HuggingFace provides the ability to pay for private hosted inference endpoints. First, go the [Create a new Endpoint](https://ui.endpoints.huggingface.co/new) and select a model and hosting setup.

![huggingface inference endpoint creation](/img/docs/huggingface-create-endpoint.png)

Once the endpoint is created, take the `Endpoint URL` shown on the page:

![huggingface inference endpoint url](/img/docs/huggingface-inference-endpoint.png)
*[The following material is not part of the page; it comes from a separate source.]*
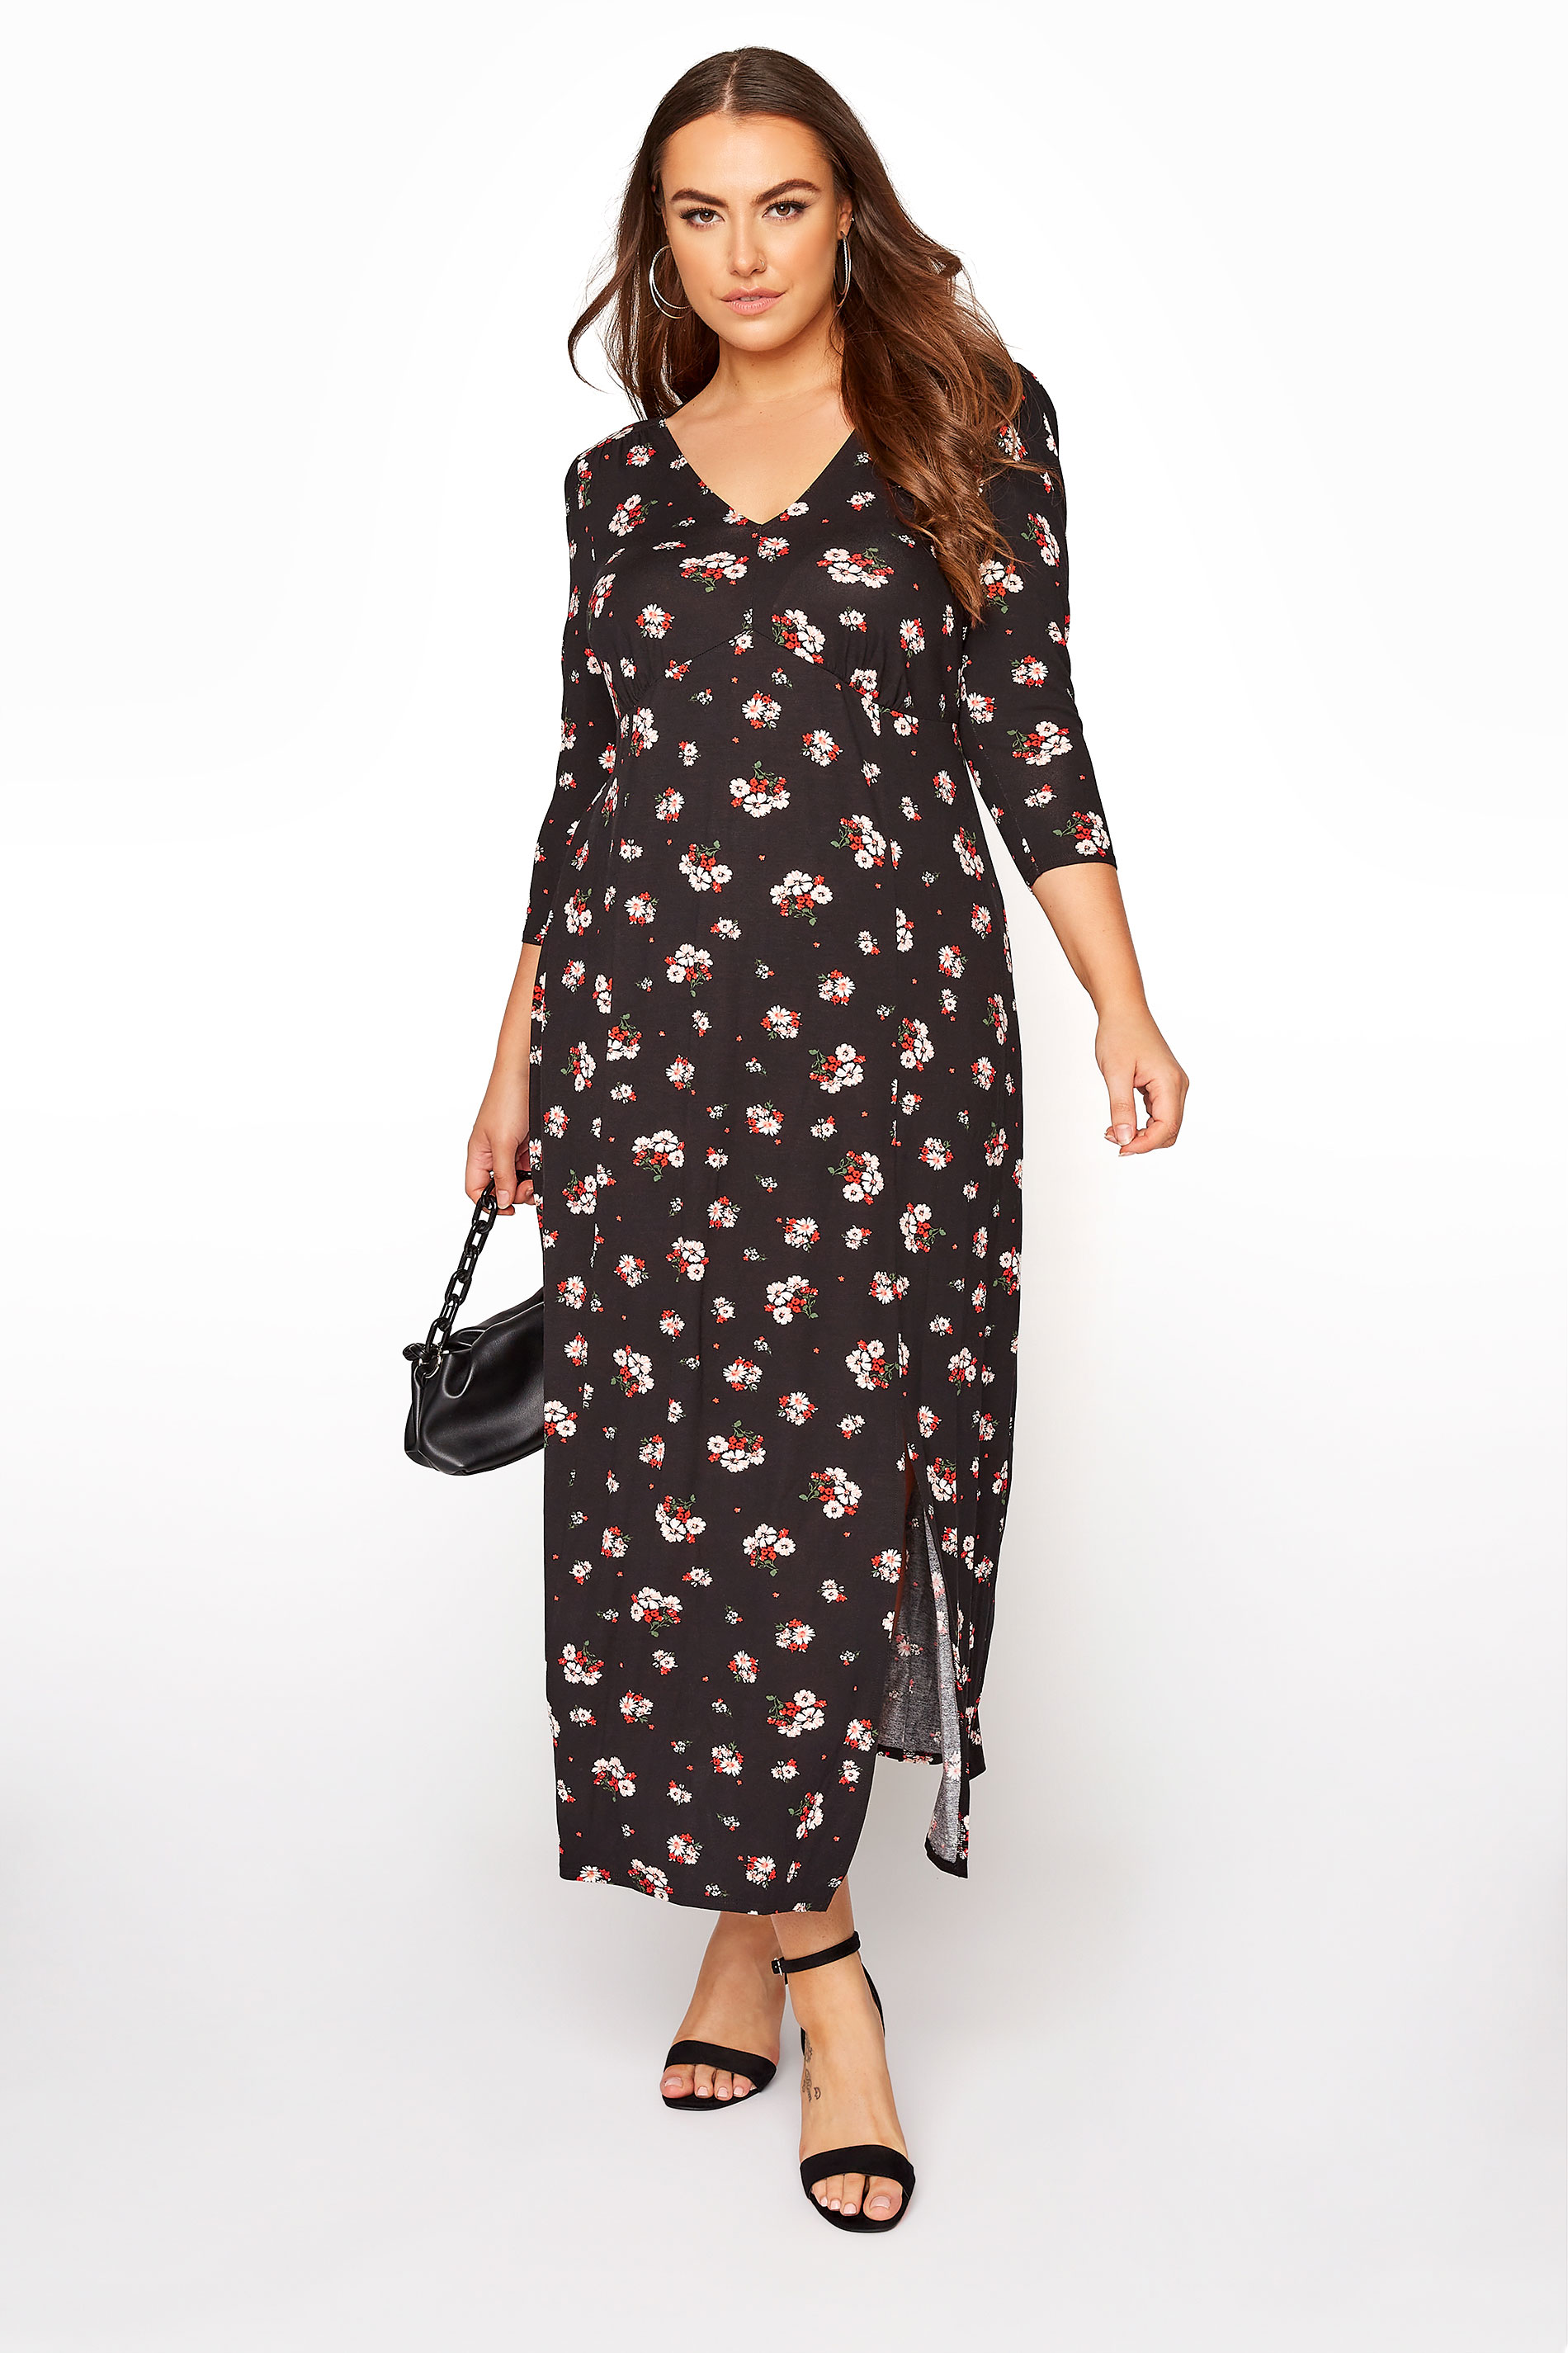 YOURS LONDON Black Floral Side Split Midaxi Dress_B.jpg
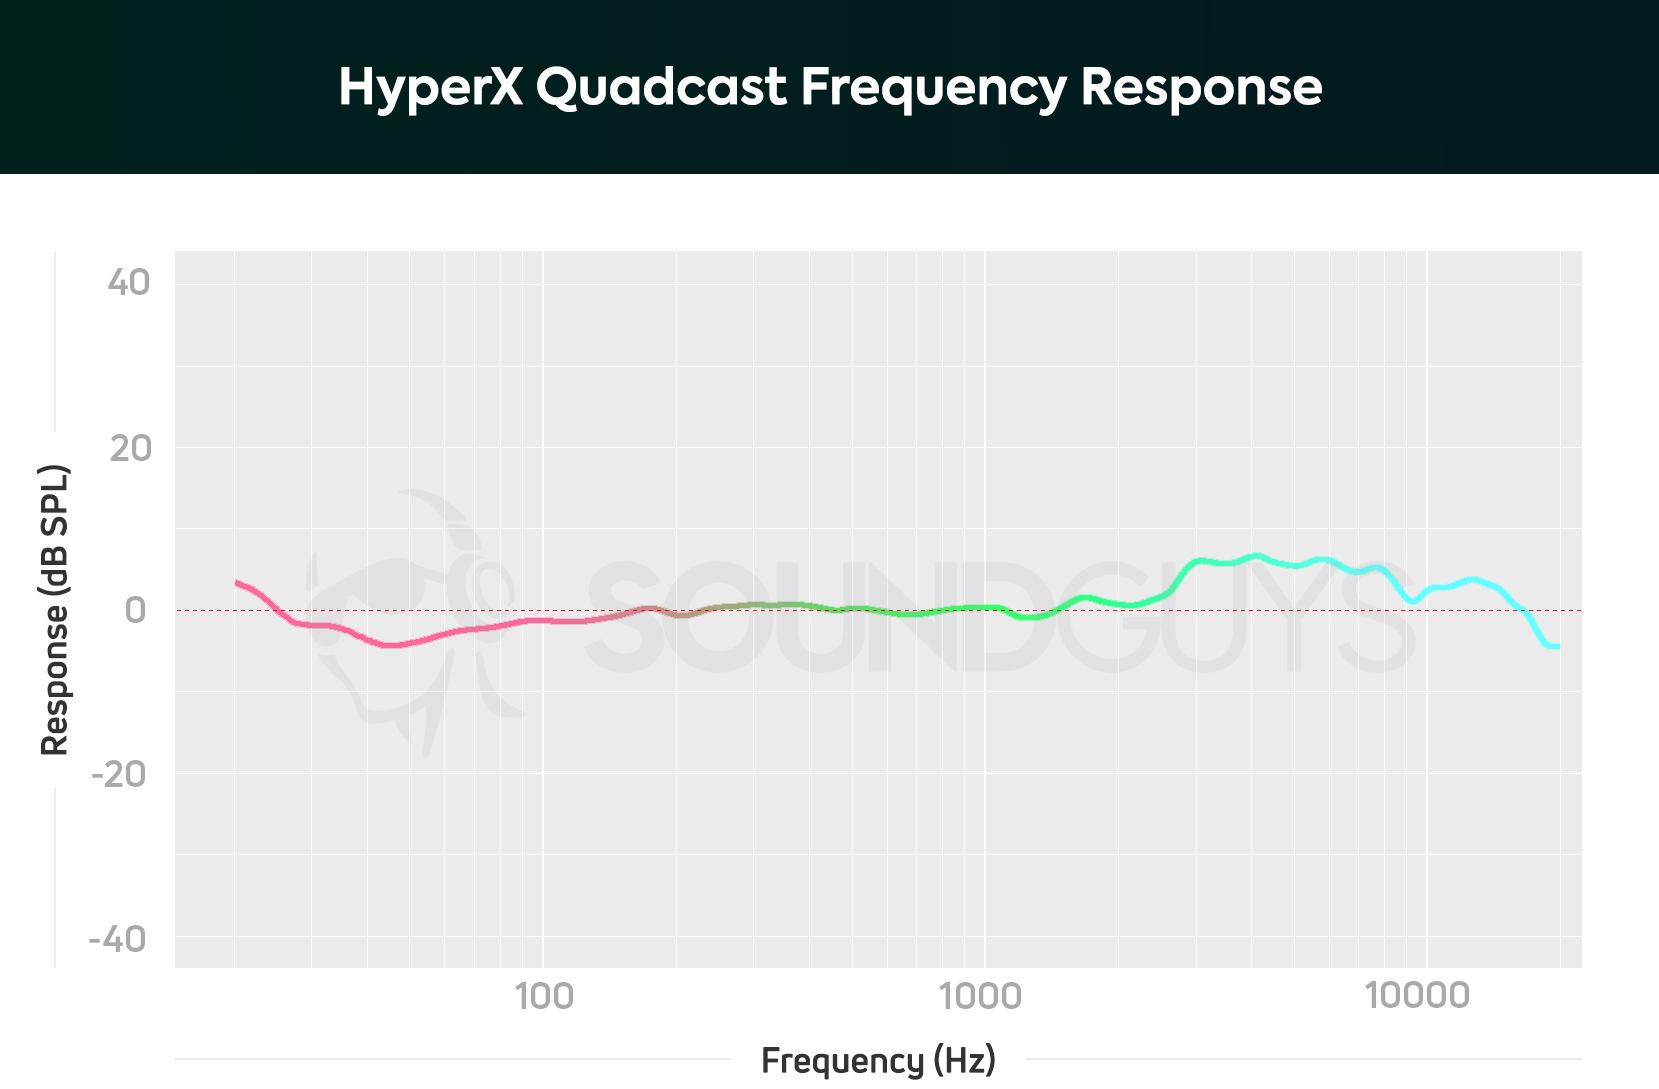 HyperX Quadcast microphone review - SoundGuys

Then set up your promptfoo config like this:

```yaml
description: 'HF private inference endpoint'

prompts:
  - 'Write a tweet about {{topic}}:'

providers:
  - id: huggingface:text-generation:gemma-7b-it
    config:
      apiEndpoint: https://v9igsezez4ei3cq4.us-east-1.aws.endpoints.huggingface.cloud
      # apiKey: abc123   # Or set HF_API_TOKEN environment variable

tests:
  - vars:
      topic: bananas
  - vars:
      topic: potatoes
```

## Local inference

If you're running the [Huggingface Text Generation Inference](https://github.com/huggingface/text-generation-inference) server locally, override the `apiEndpoint`:

```yaml
providers:
  - id: huggingface:text-generation:my-local-model
    config:
      apiEndpoint: http://127.0.0.1:8080/generate
```

## Authentication

If you need to access private datasets or want to increase your rate limits, you can authenticate using your HuggingFace token. Set the `HF_TOKEN` environment variable with your token:

```bash
export HF_TOKEN=your_token_here
```

## Datasets

Promptfoo can import test cases directly from HuggingFace datasets. See [Loading Test Cases from HuggingFace Datasets](/docs/configuration/huggingface-datasets) for examples and query parameter details.